As they reached the deceptively small building that had been built around the town’s hot spring, Allana squeaked and leaned backwards suddenly, stopping Sebastian in his tracks.
“Linus!”
“Allana! Oh, I’m glad to see you. I was going to jiggle the door open to the bath house for Leo. He wasn’t ready for this cold snap but wanted to be in town for the Feast tomorrow.”
“Oh, no! Poor guy. Here, let me get that open for you.” She released Sebastian’s hand and darted for the door. Linus nodded and half-waved at Sebastian, who smiled and nodded in return. He was well aware of Linus – and Alex’s old habits of vandalizing the tent – and Allana of course knew everyone. It was a little surprising how well Linus responded to her, though; it seemed like genuine respect, which Sebastian definitely didn’t expect the hermit to pay to anyone.
“Here, let’s tuck a rock in there, keep it open until Leo gets in,” Allana said and Linus nodded his thanks and hurried around the way he’d come.
“Leo?” Sebastian whispered as Allana rejoined him and gestured for them to head back.
“A couple years younger than Vince. Orphan. Almost feral. Was marooned on Ginger Island.

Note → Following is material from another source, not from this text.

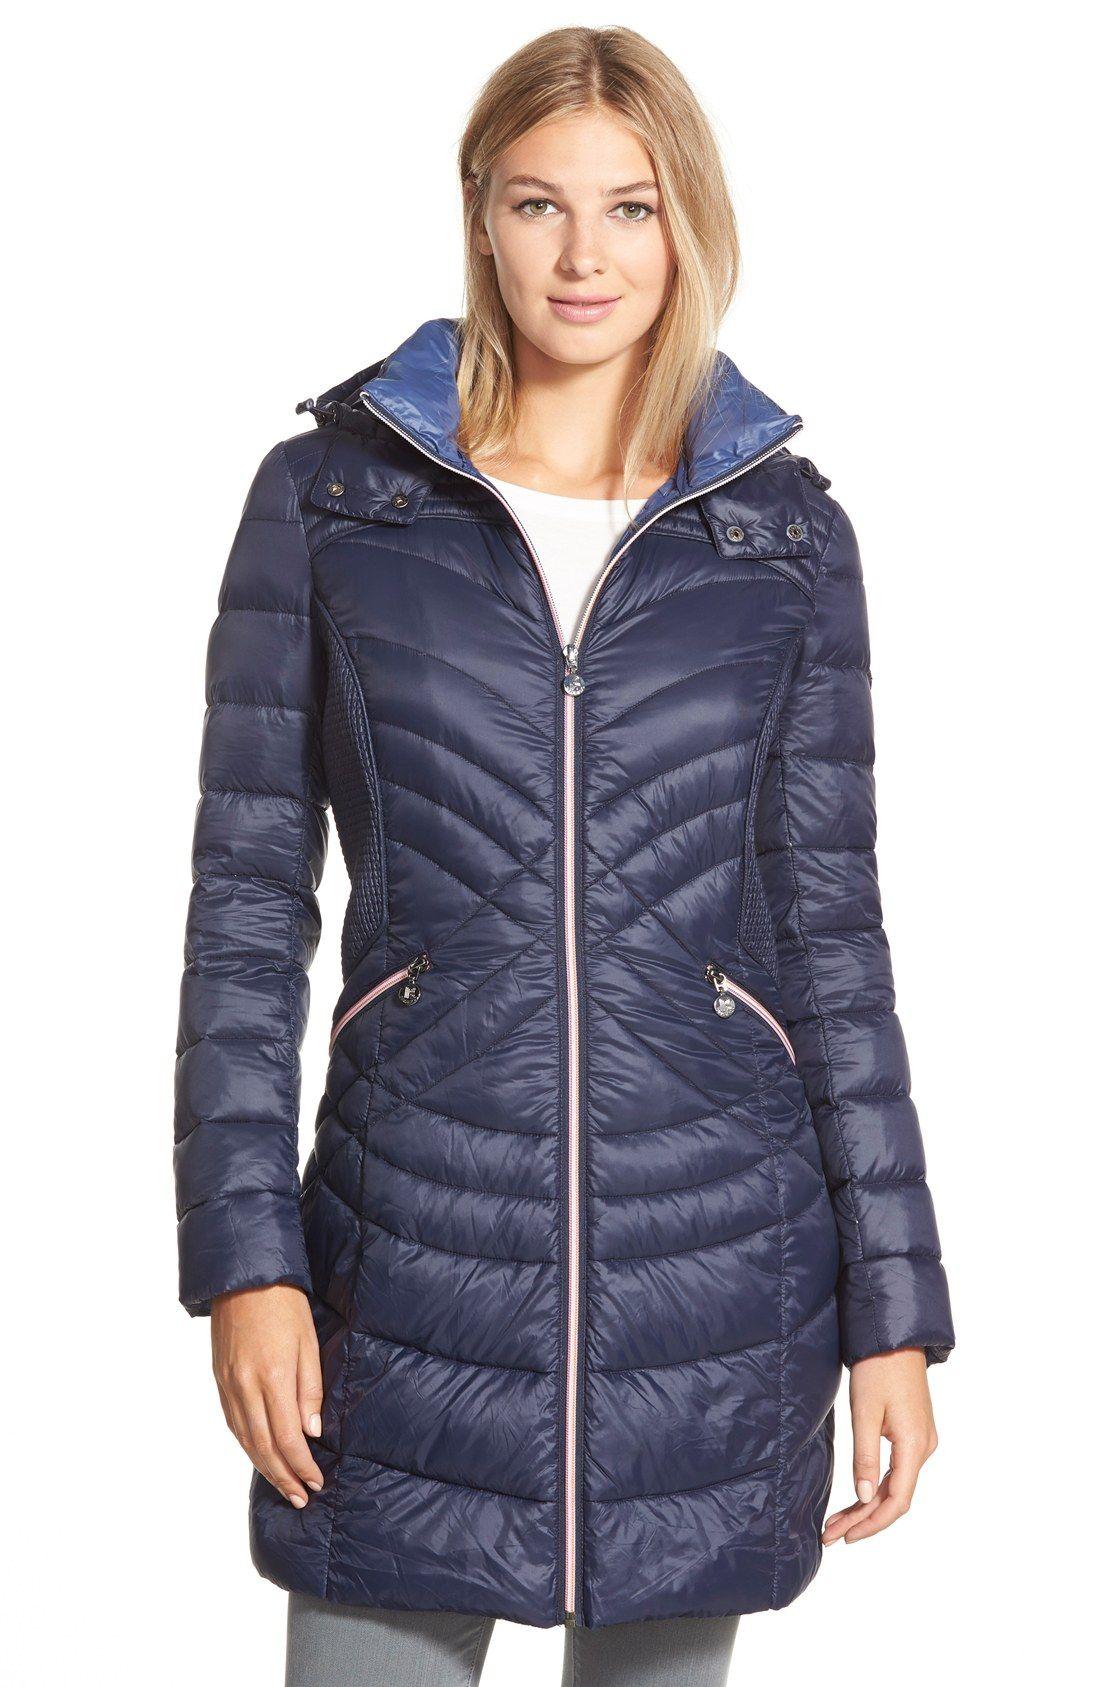 Bernardo Hooded Down Primaloft Fill Coat Regular Petite Nordstrom Nordstrom Coats Coats For Women Quilted Outerwear [ 1687 x 1100 Pixel ]

Linus and Penny have done wonders for him, but he and Linus are peas in a pod and neither one will come down to the farm to warm up.”
“For a town where nothing ever happened, an insane amount changed while I was gone,” Sebastian sighed.
“Everyone blames that on me,” Allana replied, without a drop of self-consciousness or remorse.
“As they should?”
She nodded as she shrugged. “If the shoe fits.”
He could hear Linus’ voice in the dark as they neared his mother’s house again, and they walked hand-in-hand to the bottom the steps. Sebastian set Allana on the bottom step – next to the mostly-empty pumpkin soup take-out cups – and wrapped his arms around her waist.
“Sorry.”
“Do not be,” he countered, immediately. “You helped somebody stay warm tonight. That’s a bit more important than what we were going to do.”
“Is it?”
She didn’t mean it, and he laughed without bothering to check the expression on her face.
“Stay with me,” she whispered.
“Not yet,” he replied, as he tried in vain to pull her closer to his chest.
He wanted to drag her up the stairs, parents be damned, but he was right to say not tonight. Her daughters were in town, it was the night before the best holiday of the year – for most kids, at least – and he didn’t have it in him to be selfish. Maybe it was resentment of Demetrius, maybe it was something else, but he could not keep her to himself, not yet.
“I’ll see you tomorrow, at the Feast?” she asked, quietly, as she carefully withdrew and took three steps towards the path back to Ravenswood.
“You will,” he agreed, and reached out, took her hand, pulled her back towards him.
He got the barest hint of a kiss – a brush of her lips on his that left him wanting – and then she was gone, disappearing down the mountain path back towards her home.
Sebastian remembered to snag the soup cups from the stairs on his way up, took them to the kitchen to empty them out and dispose of them properly, and then made his way silently back to his room. He was asleep almost as soon as his head hit the pillow.